All too rapidly, blood soaked all of the bandages, and even as Kateri worked, Maddie’s face turned whiter and whiter. Kateri asked, “Maddie, one thing I don’t understand”—When would the EMTs arrive?—“If you kept that revolver, why didn’t you shoot Barbara as soon as she threatened you?”
“I had to make sure she was real.”
Kateri nodded. She understood that.
Maddie continued, “And when Jacob left this morning, he told me to shoot only as the last possible resort.”
“I don’t think he meant…” Kateri realized an explanation would be a waste of time. Maddie thought literally, and in the matter of killing people, Kateri approved. Far too many people shot impulsively and without thought for the consequences.
Moen lowered the camera. “Okay, Sheriff Kwinault, I’ve got the crime scene photos.”
“Then turn that body over. Her body?” Still scarcely believing, Kateri looked inquiringly at Maddie.
Maddie nodded. “Definitely female.”
Moen rolled the body faceup. “Yep. Female. Tall and…” He picked up the camera and took more photos of the body, concentrating on the face. “Creepy makeup, but Maddie, isn’t this your next-door neighbor, the model?”

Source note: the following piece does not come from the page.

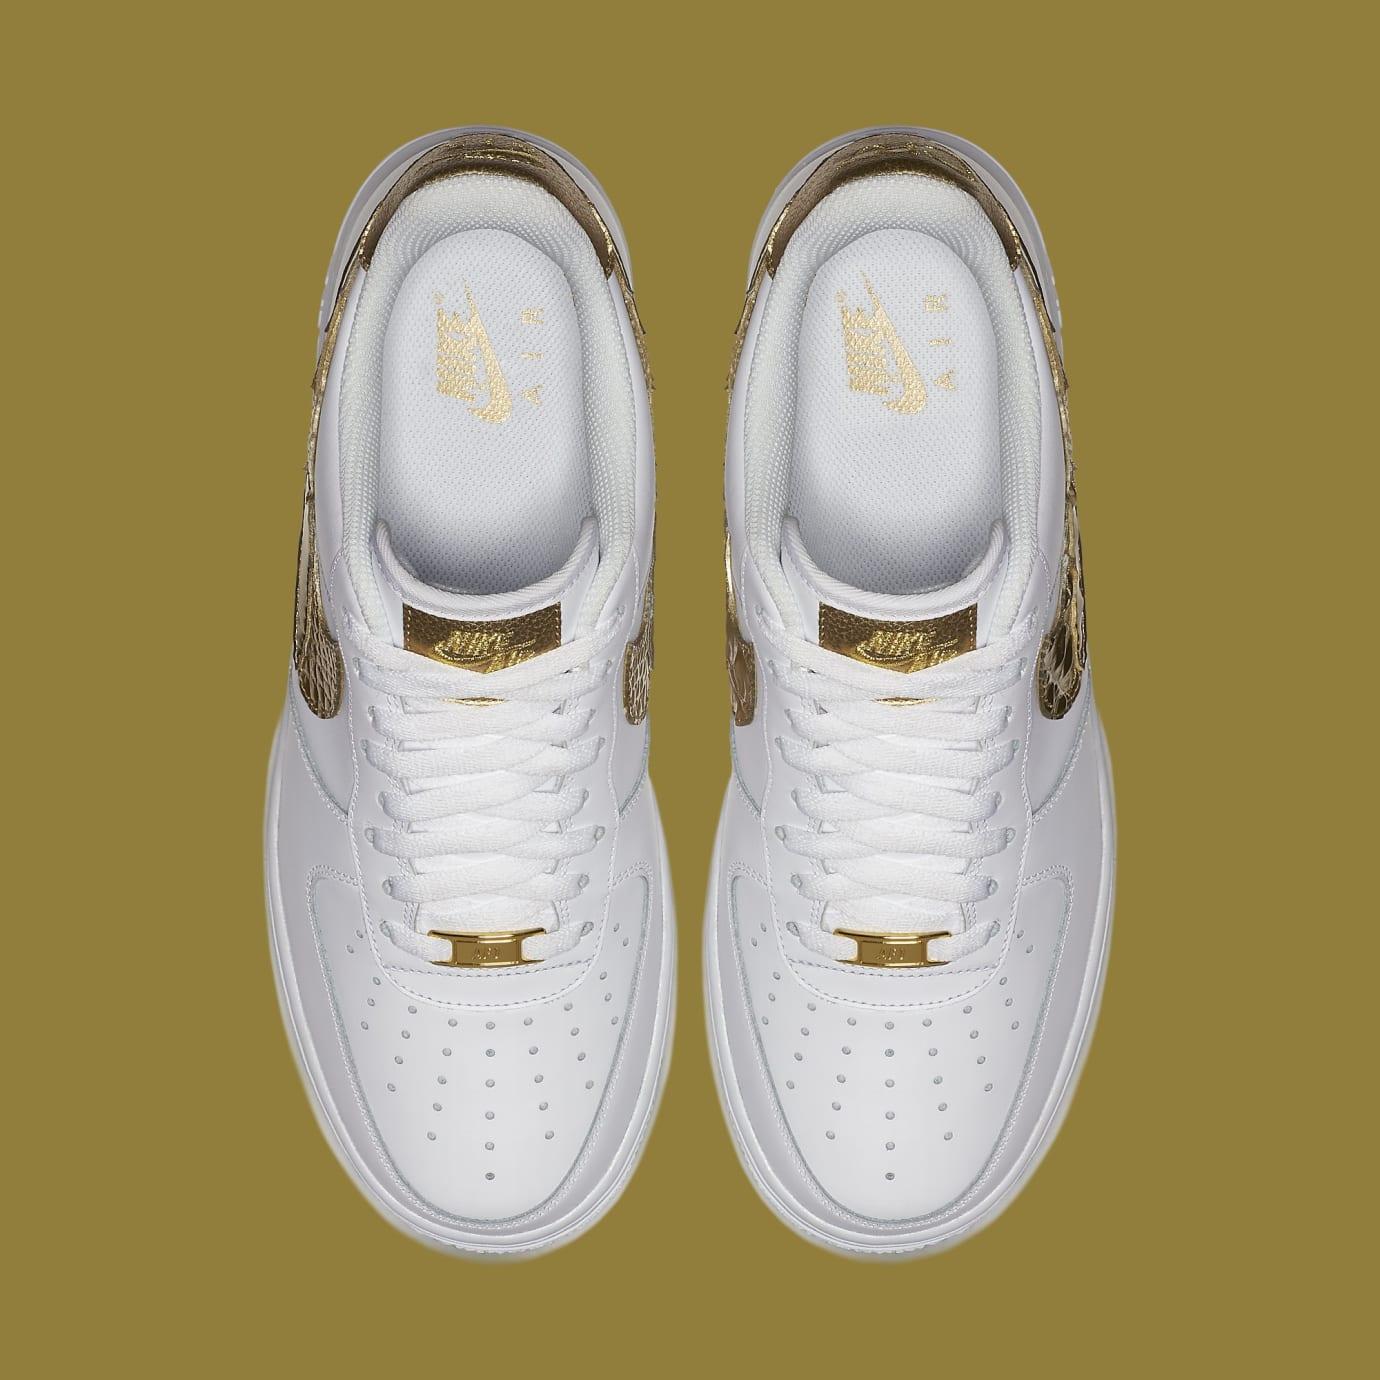 Nike Air Force 1 CR7 'Golden Patchwork' WeißGold | AQ0666 100

“Yes…” For a moment, Maddie seemed to drift, then she snapped back. “When I saw her on the street, I didn’t recognize her, but she was one of the nursing staff when I was at the mental institution. She didn’t look like that before.”
“What did she look like?” Moen asked.
“Dark, short hair. Overweight.” Maddie breathed deeply. Her words slurred.
Moen got out his phone and called emergency again.
“When I was in the … the mental hospital … I didn’t dare stare at her because she would say I thought she was ugly and slap me. If I glanced at her when the doctor was in the room, afterward she’d slap me twice. Hard.” Maddie sounded like a recording slowing down … and down.